— GIVEN MATERIAL —

=== Section Start ===

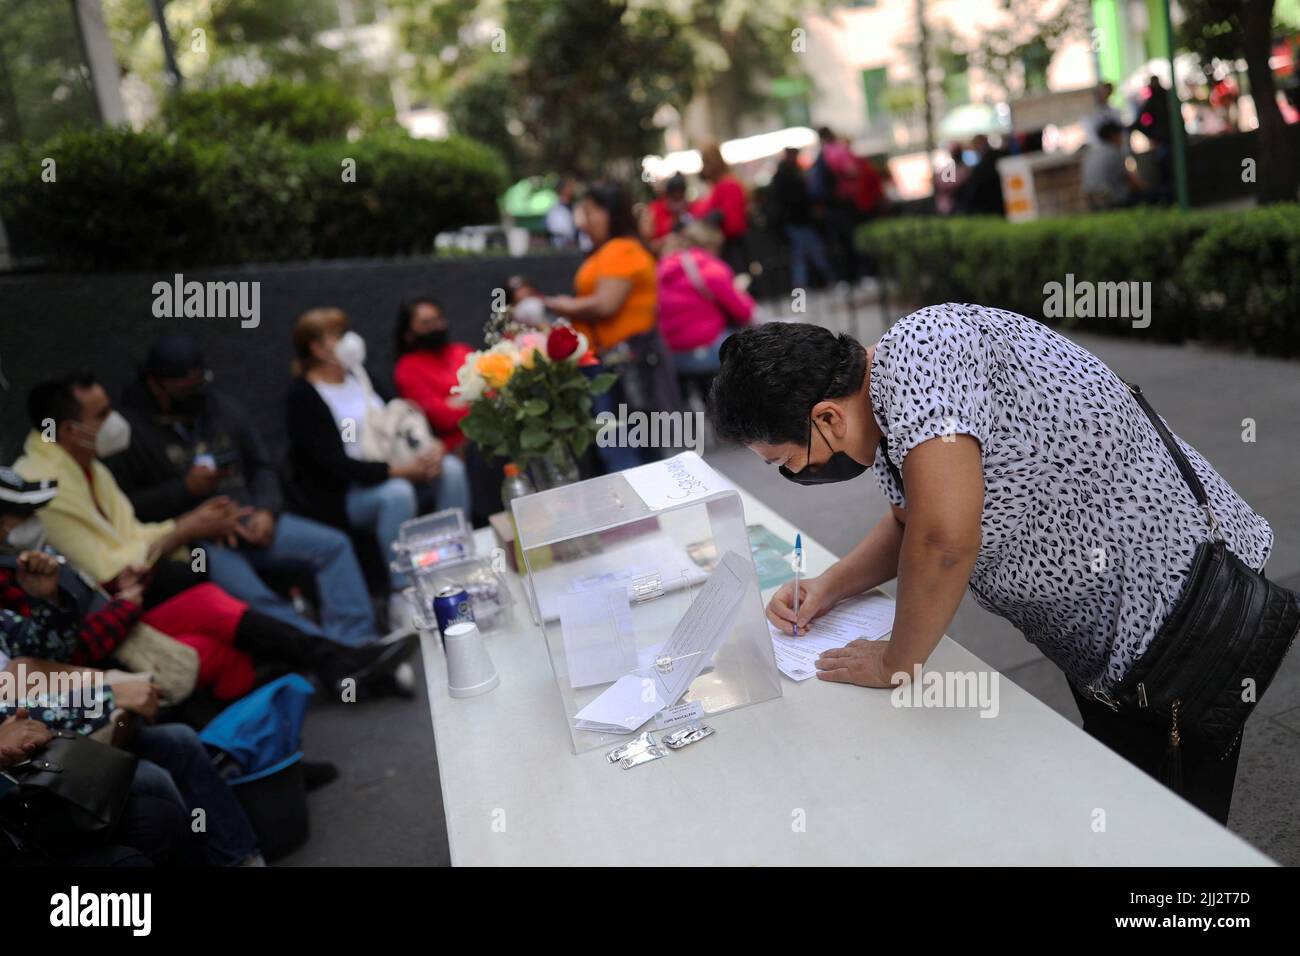 Un trabajador de Telmex vota cerca de la sede de Telmex luego de que el sindicato de la compañía se declarara en huelga después de no llegar a un acuerdo con la compañía sobre un nuevo convenio colectivo laboral, en Ciudad de México, México, el 22 de julio de 2022. REUTERS/Edgard Garrido Foto de stock
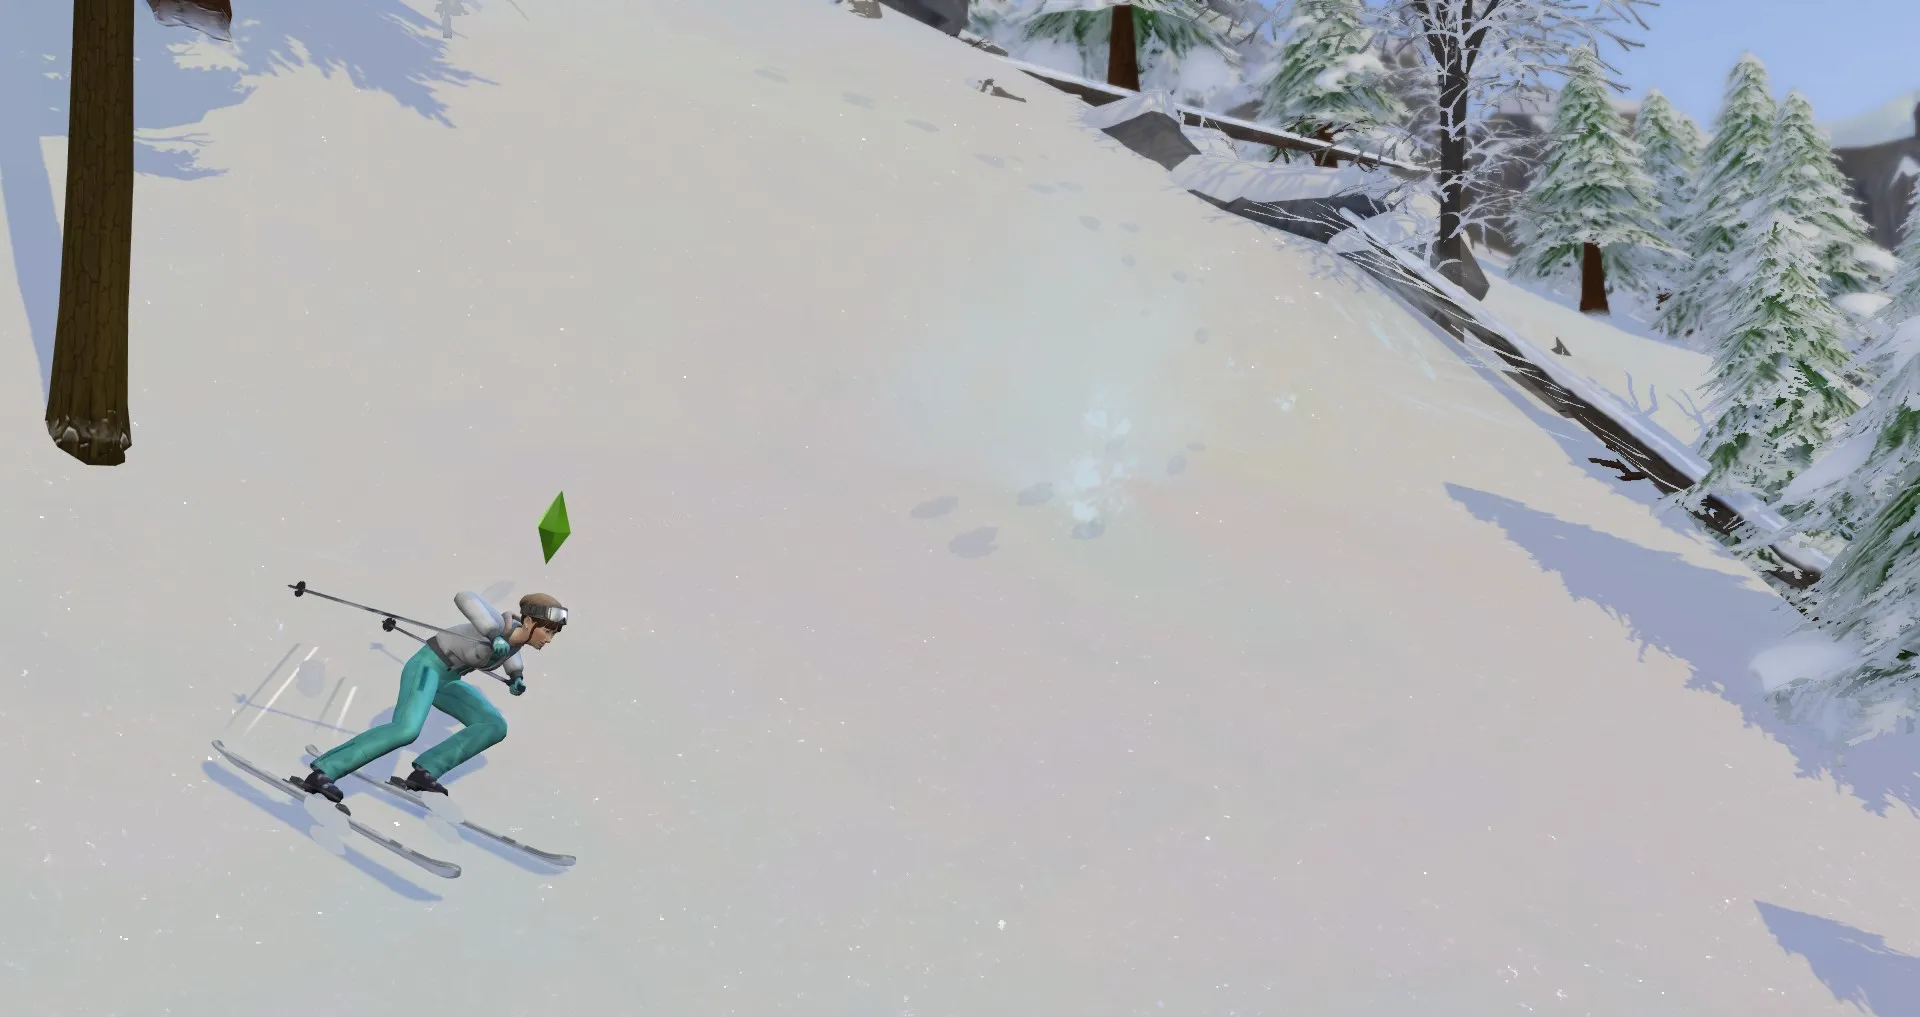 Сим катается на лыжах по самой сложной горе Мт. Комореби. Навык катания на лыжах в The Sims 4: Снежная побега
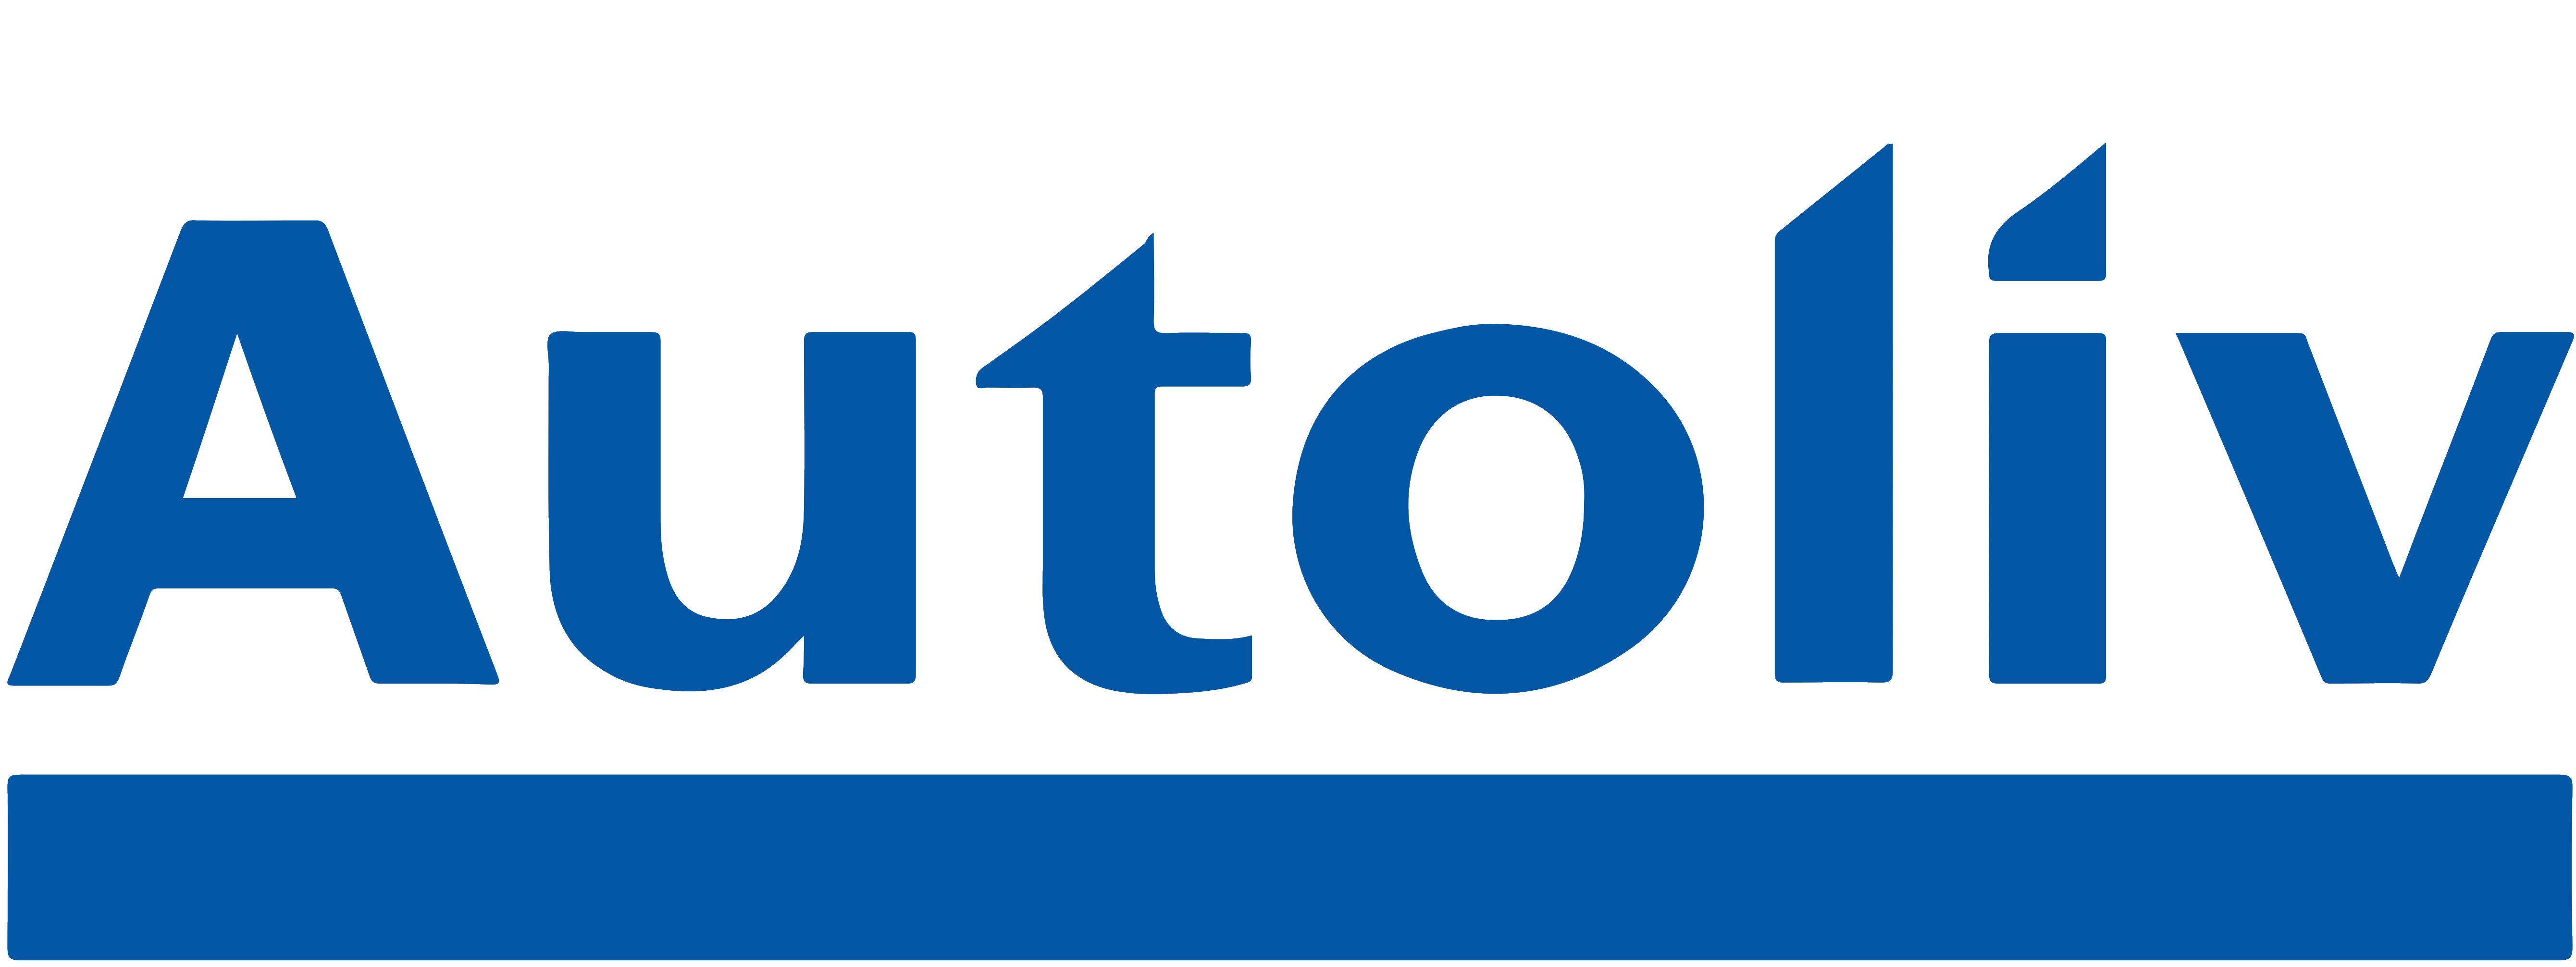 Autoliv logo, logotype

=== Section End ===

— PROBLEM REQUIREMENTS —
The material above should be repeated word for word, with every picture omitted.

— TASK RESPONSE —
 Un trabajador de Telmex vota cerca de la sede de Telmex luego de que el sindicato de la compañía se declarara en huelga después de no llegar a un acuerdo con la compañía sobre un nuevo convenio colectivo laboral, en Ciudad de México, México, el 22 de julio de 2022. REUTERS/Edgard Garrido Foto de stock
 Сим катается на лыжах по самой сложной горе Мт. Комореби. Навык катания на лыжах в The Sims 4: Снежная побега
 Autoliv logo, logotype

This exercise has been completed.